At N21.725 trillion, the country’s total debt stock rose to a new high, from N17.36 trillion ($56.73 billion) at end of 2016.

Effectively, total debt as a percentage of GDP also rose to 18.2 per cent, based on International Monetary Fund (IMF) estimates, which put Nigeria’s nominal GDP at $394.8 billion (N122.4 trillion) in 2017.

DMO Director-General, Ms Patience Oniha, who provided the data on Nigeria’s debt at a press briefing in Abuja on the nation’s Debt Management Strategy (DMS), said a detailed analysis of the debt stock depicted that the federal government’s domestic debt at the end of 2017 stood at N12.589 trillion, while the states and the Federal Capital Territory (FCT) accounted for N3.348 trillion of domestic debt.

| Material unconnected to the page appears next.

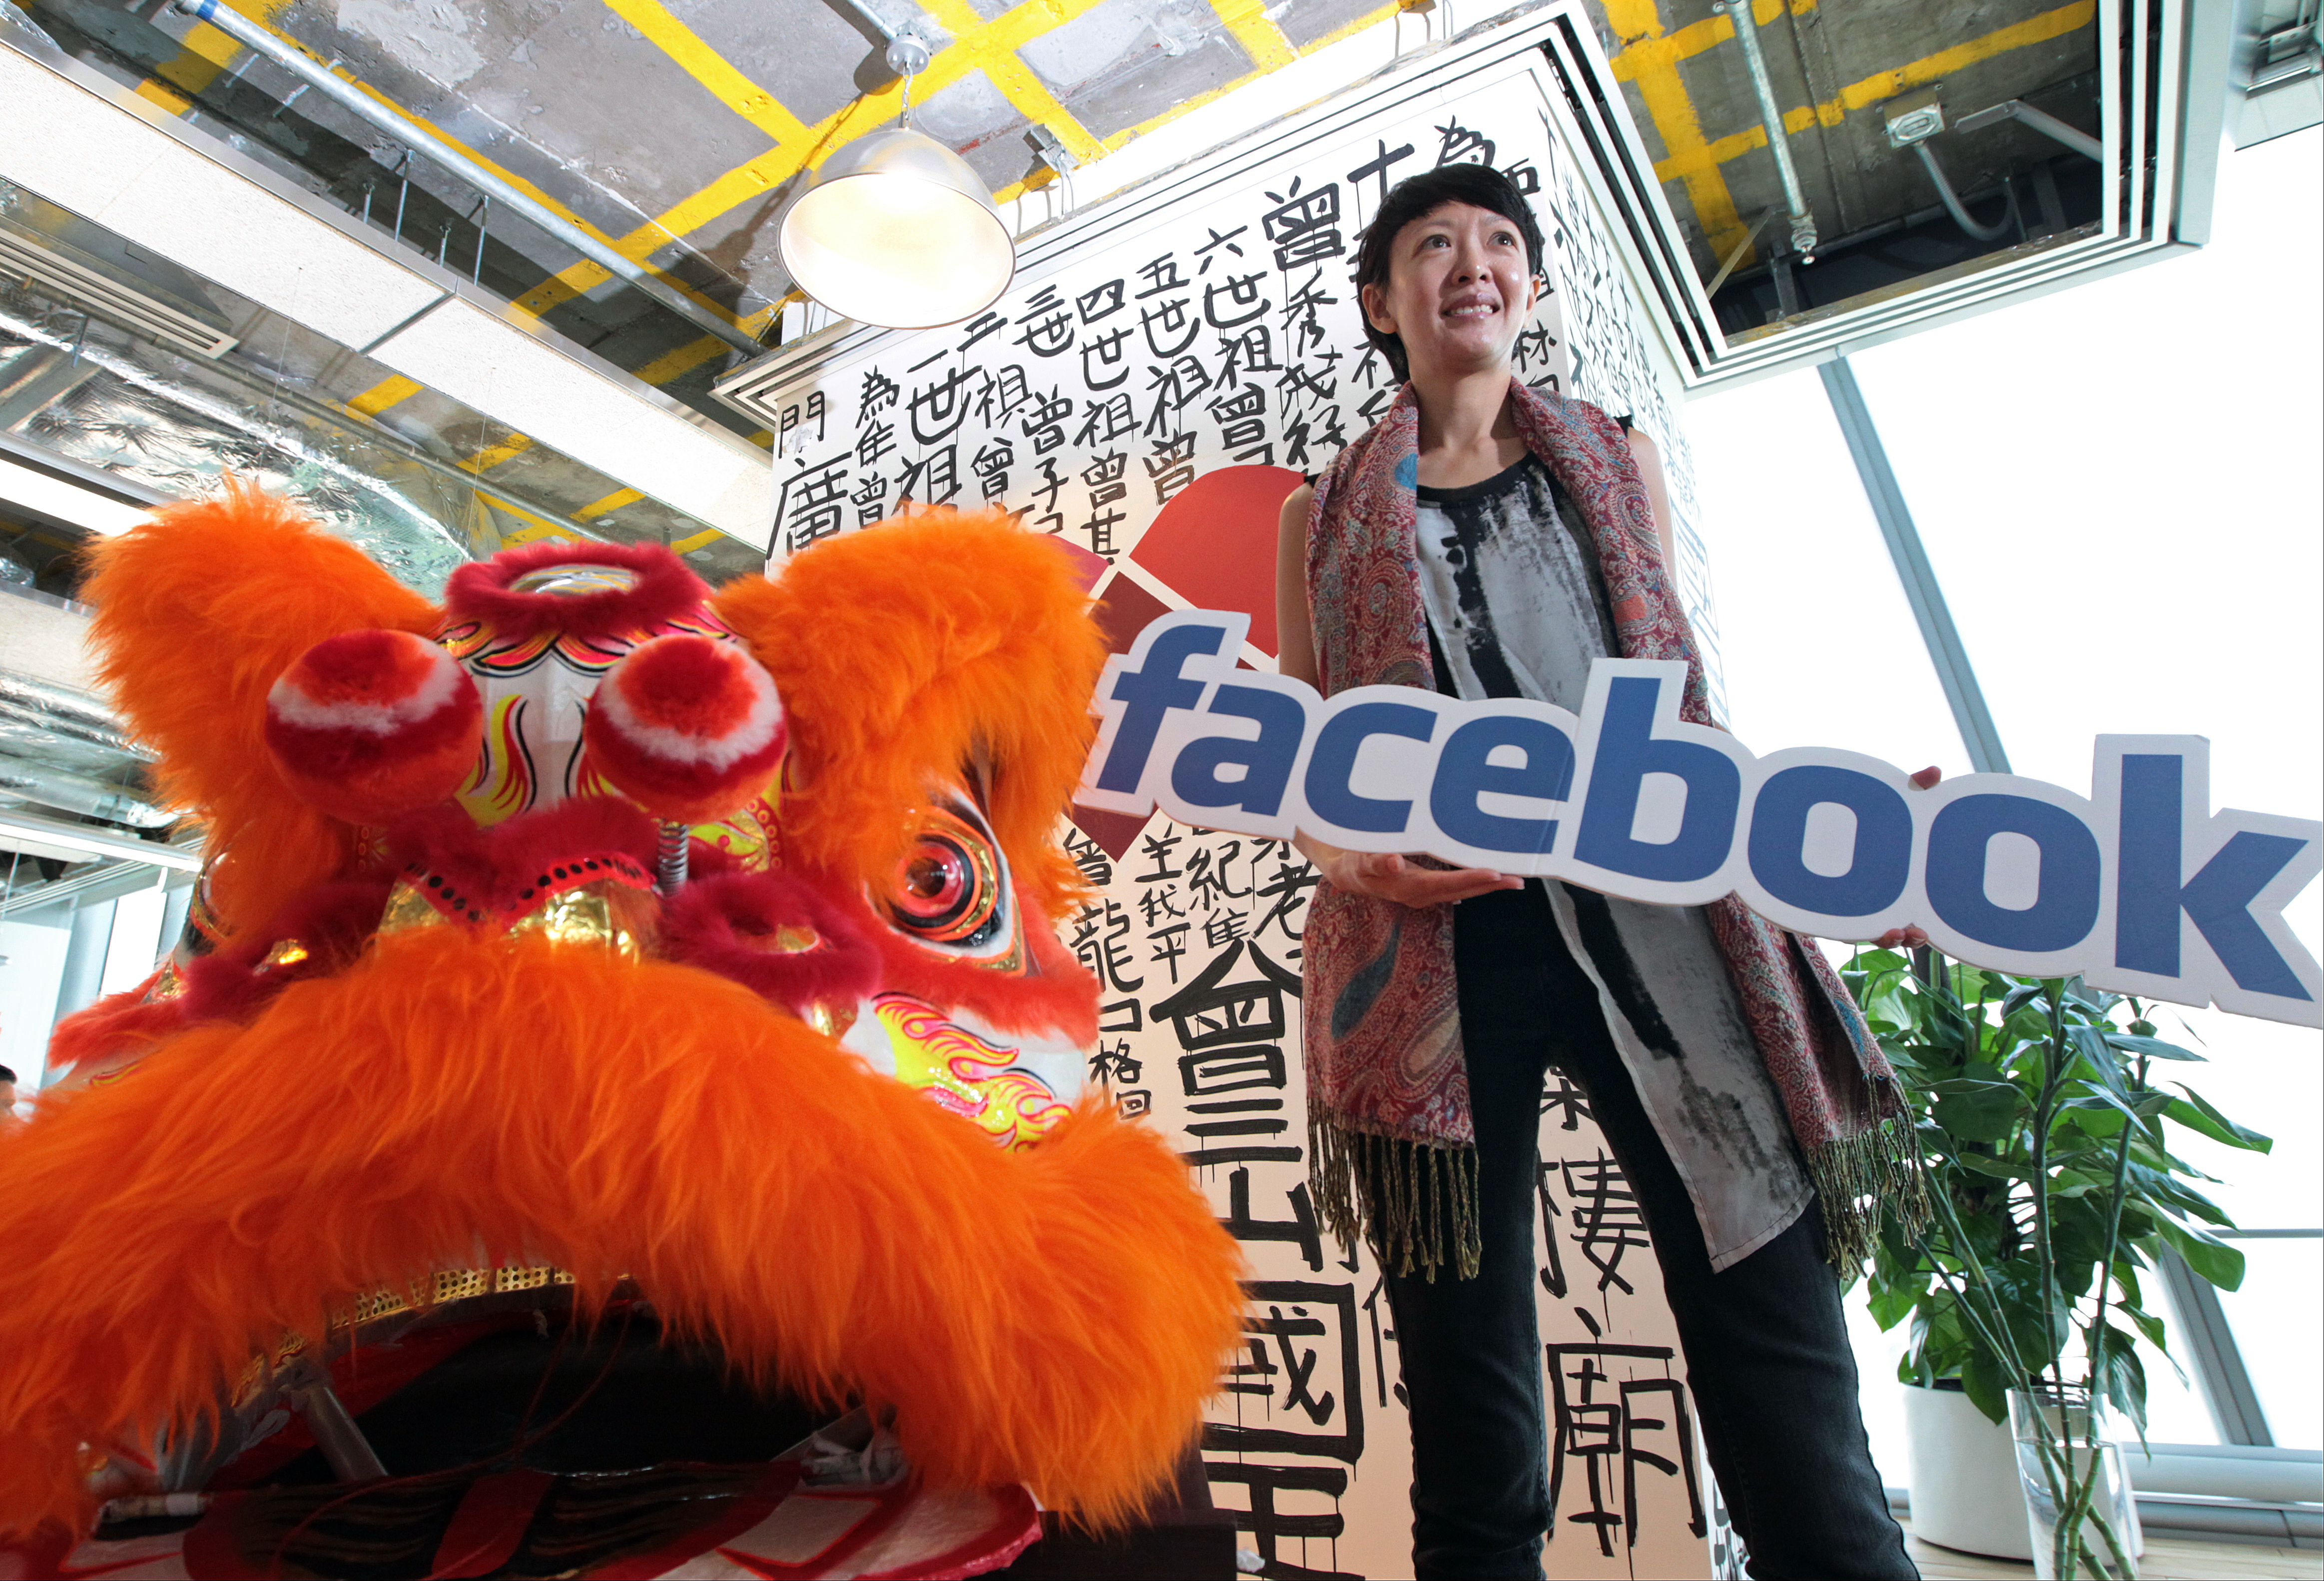 Jayne Leung, head of Greater China for Facebook. Photo: Bruce Yan

The latest debt data came just as National Bureau of Statistics (NBS), in its inflation report for February, showed that the inflation rate fell by 0.8 per cent, from 15.13 per cent in January to 14.33 per cent last month.
A further analysis provided by Oniha showed that total external debt of both the federal and state governments was N5.787 trillion ($18.91 billion) in 2017.

“The figures released showed that domestic debt for the federal government was N12.589 trillion, while the domestic debt of states and FCT was N3.348 trillion.

“External debt of the federal government, states and the FCT was N5.787 trillion ($18.91 billion). The total public debt as at December 31, 2017, was N21.725 trillion,” she said.

According to her, total public debt represented 18.20 per cent of Nigeria’s GDP in 2017.

This shows that Nigeria’s debt continues to be sustainable and is well within the threshold of 56 per cent for countries in Nigeria’s peer group, she stated.

The DMO DG disclosed that the recent borrowings were, largely “for financing capital expenditure and stimulating the economy.

“The funds injected through the borrowings strongly supported the implementation of the federal government’s budget which helped the country to exit the recession in 2017,” she said.

Oniha explained that the new Debt Management Strategy had culminated in restructuring the portfolio with attendant reduction of debt servicing costs, lowering interests rates in the domestic market and an improved availability of credit facilities to the private sector.

She said the $3 billion Eurobond issue used in refinancing maturing domestic debt has resulted in an annual savings of about N81.66 billion in debt servicing, as the Eurobond was secured at about 7 per cent interest, compared to about 15 or 16 per cent interest on domestic borrowings.

“DMO repaid N198 billion Nigerian Treasury Bills in December 2017 with the proceeds of Eurobond issuances, and it has continued further implementation of the strategy in 2018 with the issuance of the $2.5 billion Eurobonds in February 2018.

“The proceeds of the $2.5 billion Eurobond are being used to repay maturing domestic debt, starting with N130 billion NTBs repaid on March 1, 2018.”

The federal government also plans to repay N482 billion of treasury bills in the second quarter and will halve the amount it wants to raise between March and May to lower borrowing costs, according to its debt auction calendar seen by Reuters wednesday.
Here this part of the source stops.